**Recorded data**
• • • •
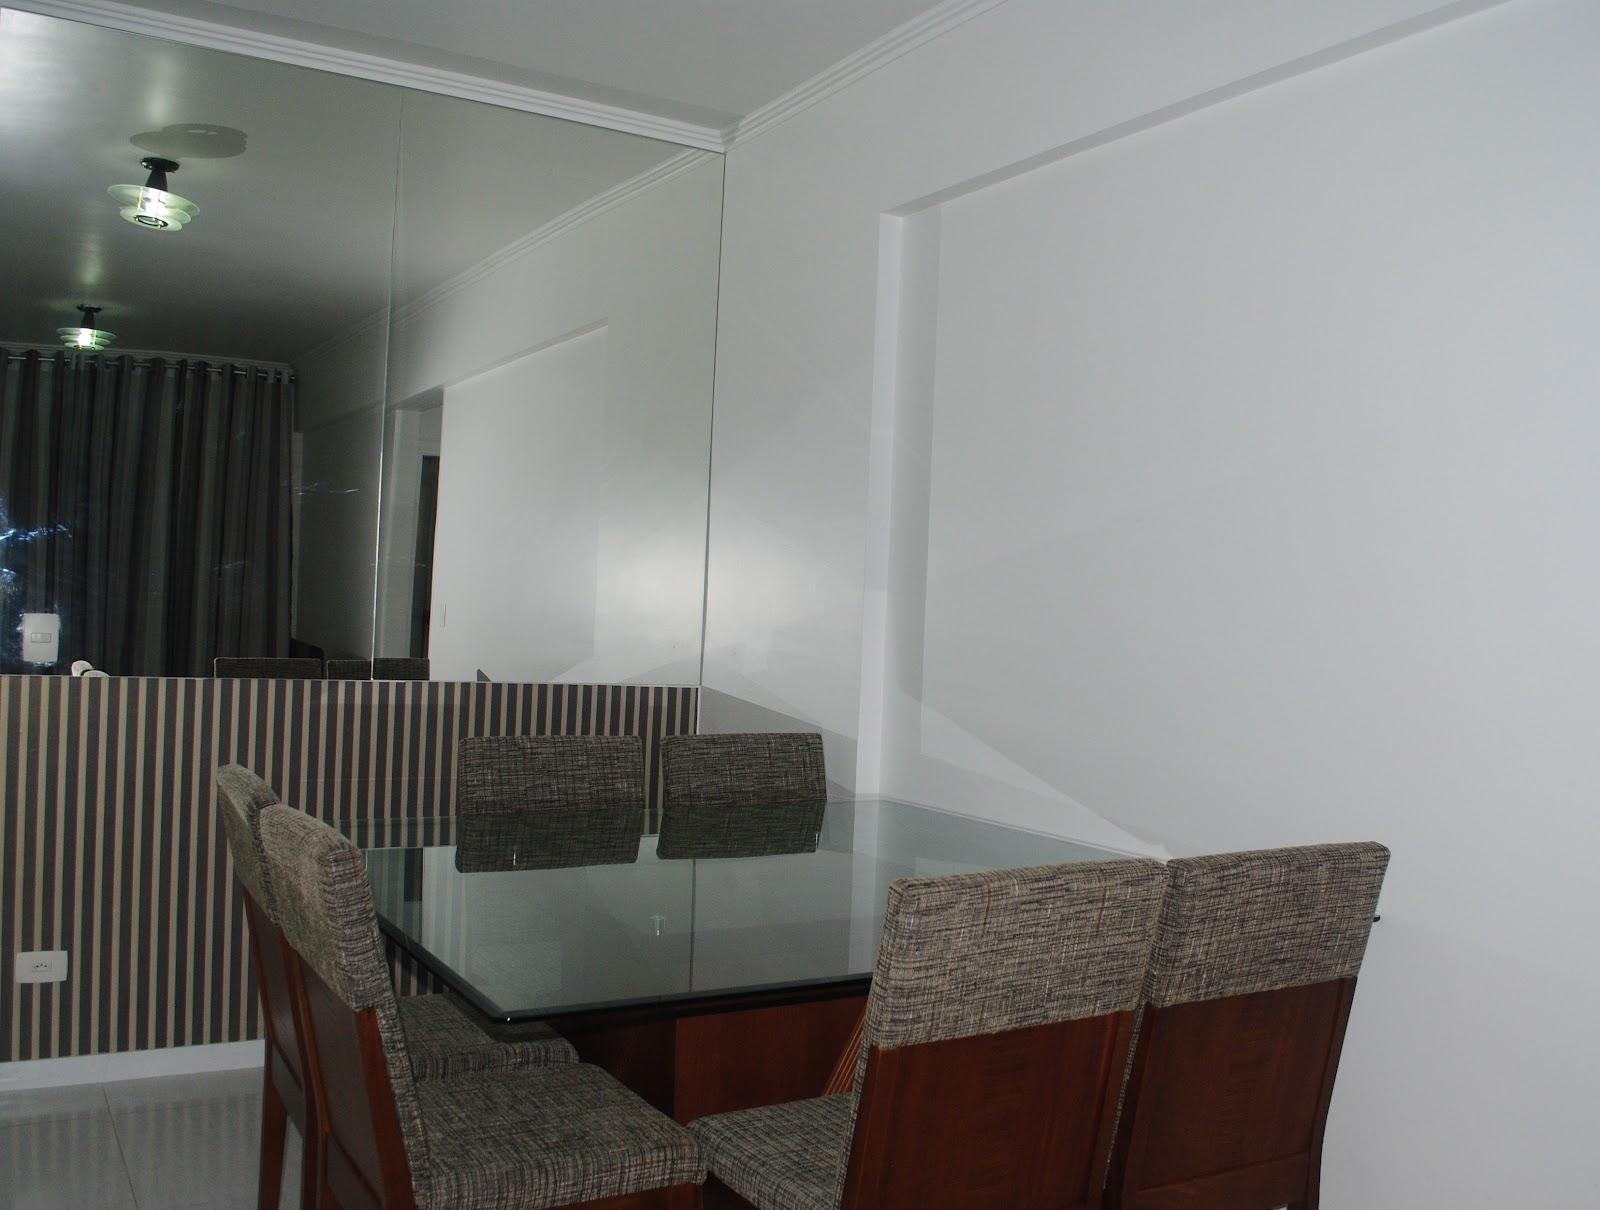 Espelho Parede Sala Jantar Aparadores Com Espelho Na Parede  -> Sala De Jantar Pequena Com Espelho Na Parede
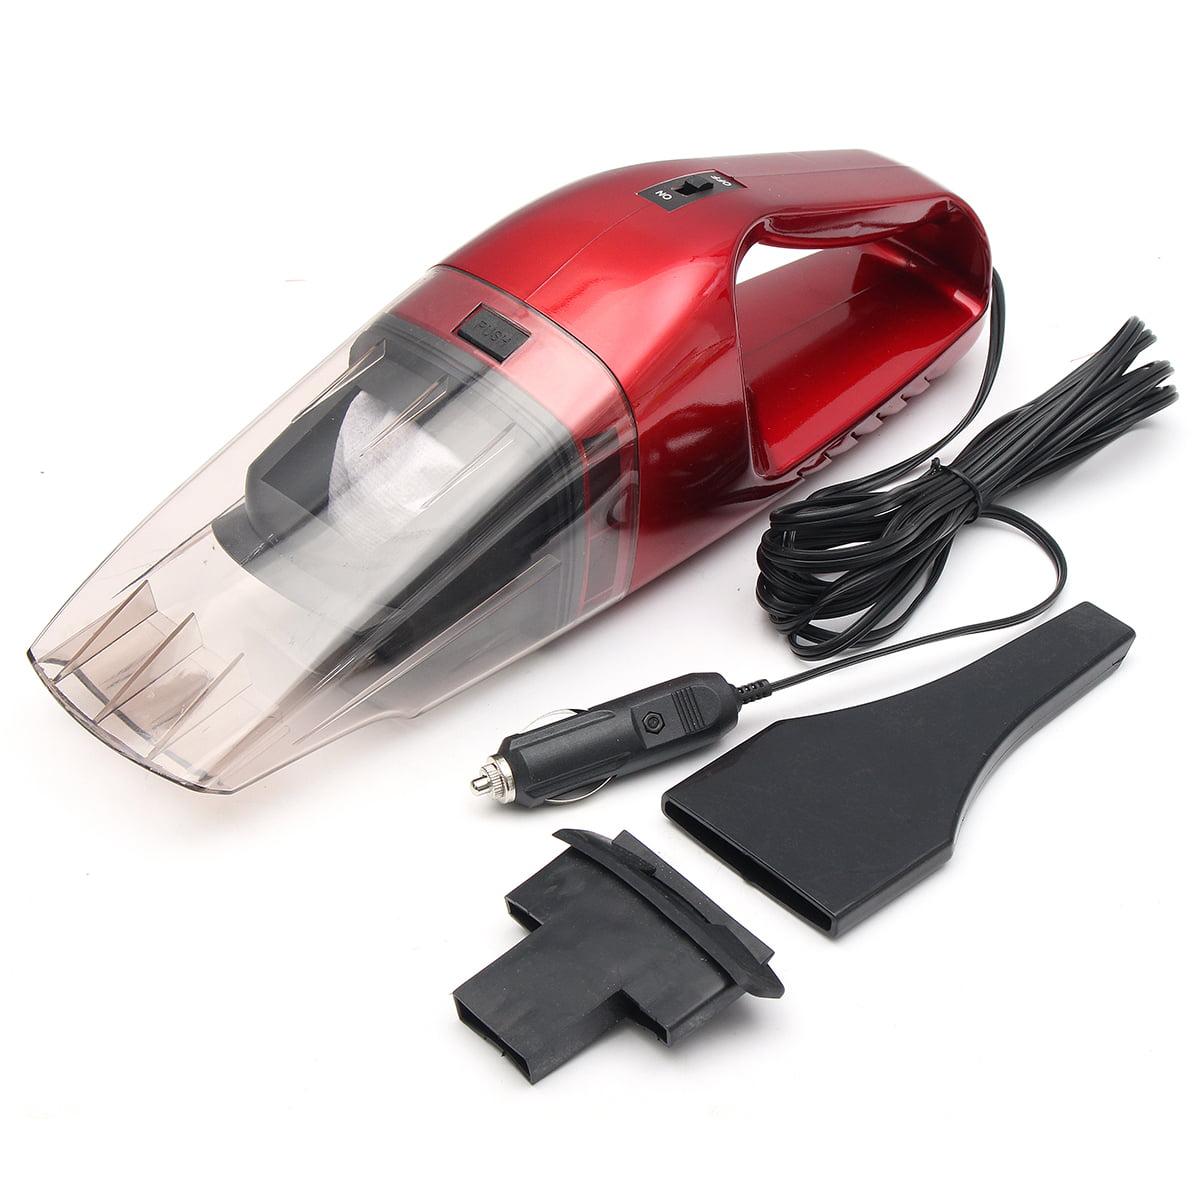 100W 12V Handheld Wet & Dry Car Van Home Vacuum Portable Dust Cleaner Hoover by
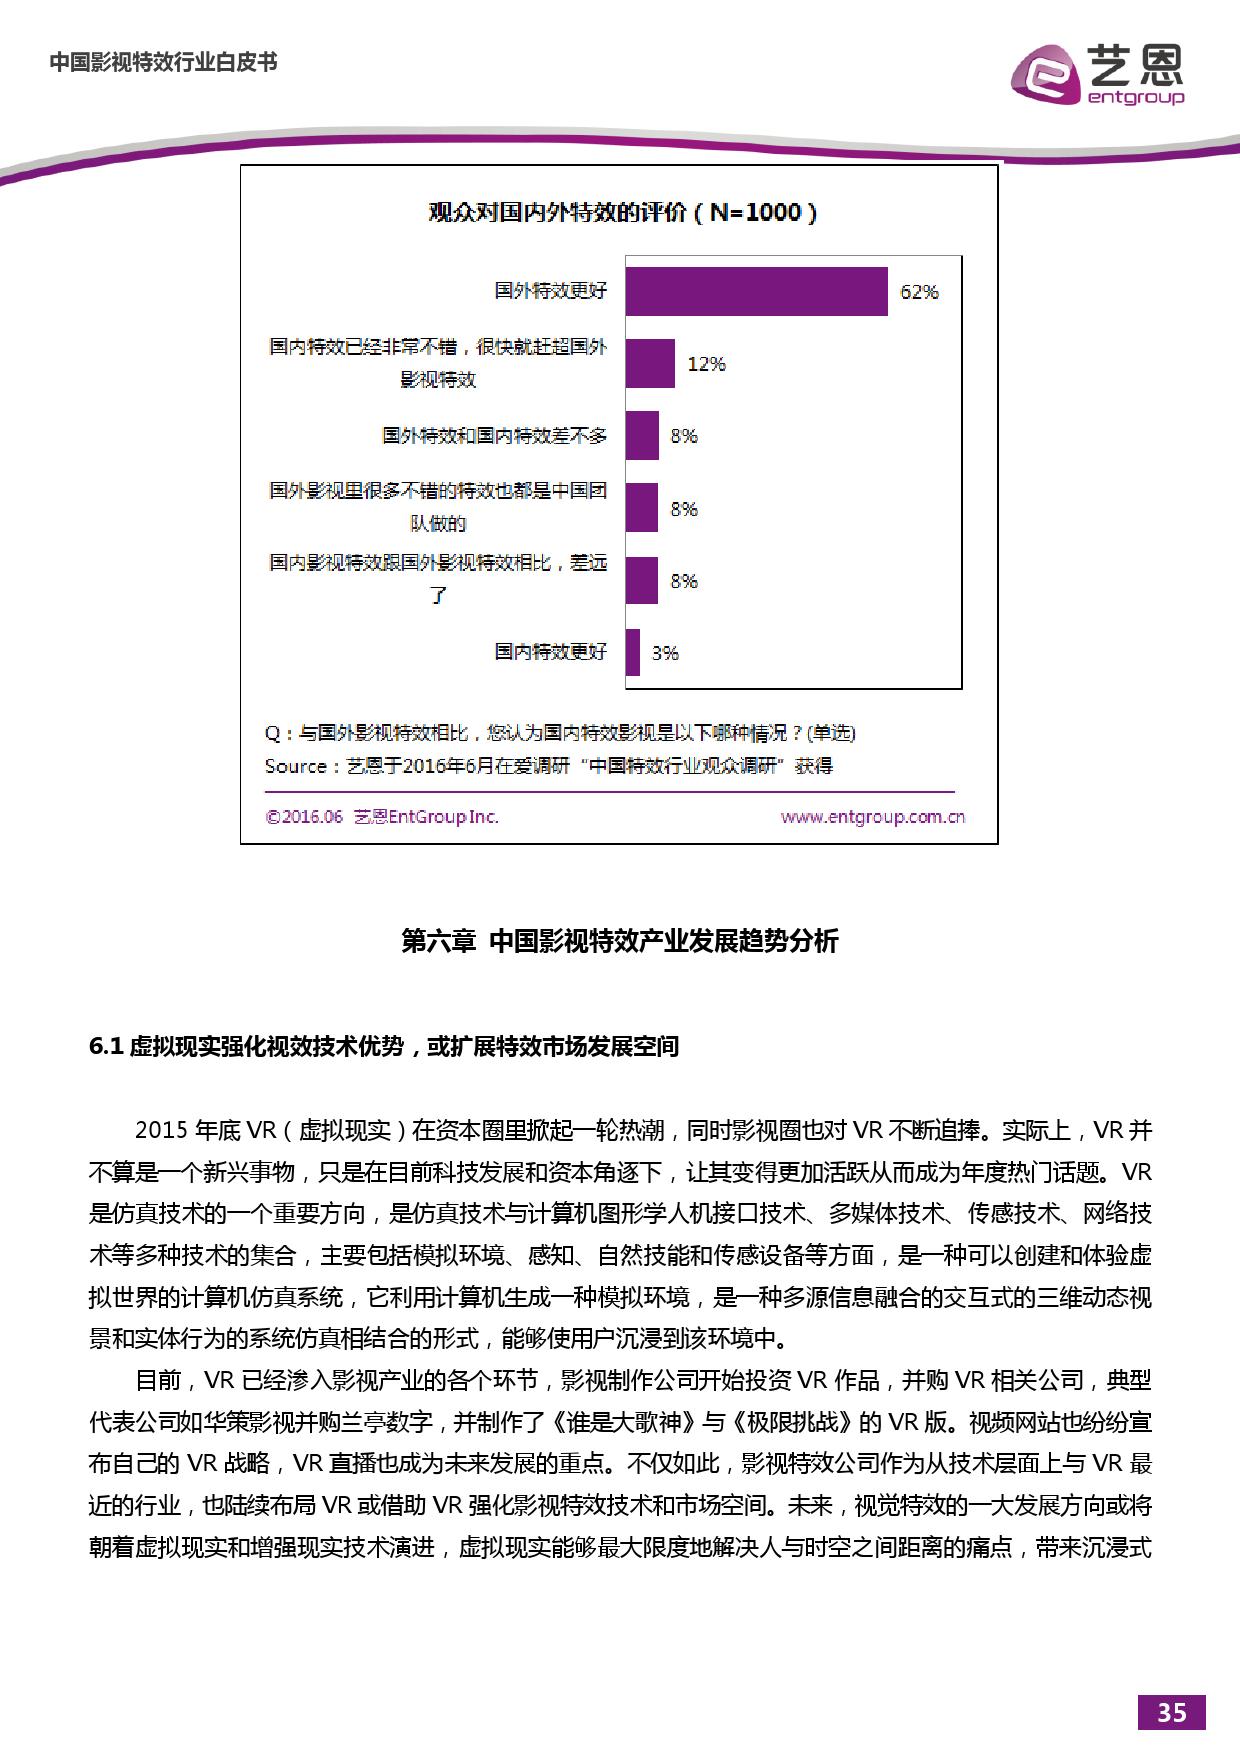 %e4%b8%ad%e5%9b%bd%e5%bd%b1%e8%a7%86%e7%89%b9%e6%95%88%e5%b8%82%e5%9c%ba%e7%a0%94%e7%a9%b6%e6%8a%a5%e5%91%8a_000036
• • • •
**Exercise prompt**
An exact reproduction of the data above is required, with every picture removed.

**Exercise output**
 Espelho Parede Sala Jantar Aparadores Com Espelho Na Parede  -> Sala De Jantar Pequena Com Espelho Na Parede
 100W 12V Handheld Wet & Dry Car Van Home Vacuum Portable Dust Cleaner Hoover by
 %e4%b8%ad%e5%9b%bd%e5%bd%b1%e8%a7%86%e7%89%b9%e6%95%88%e5%b8%82%e5%9c%ba%e7%a0%94%e7%a9%b6%e6%8a%a5%e5%91%8a_000036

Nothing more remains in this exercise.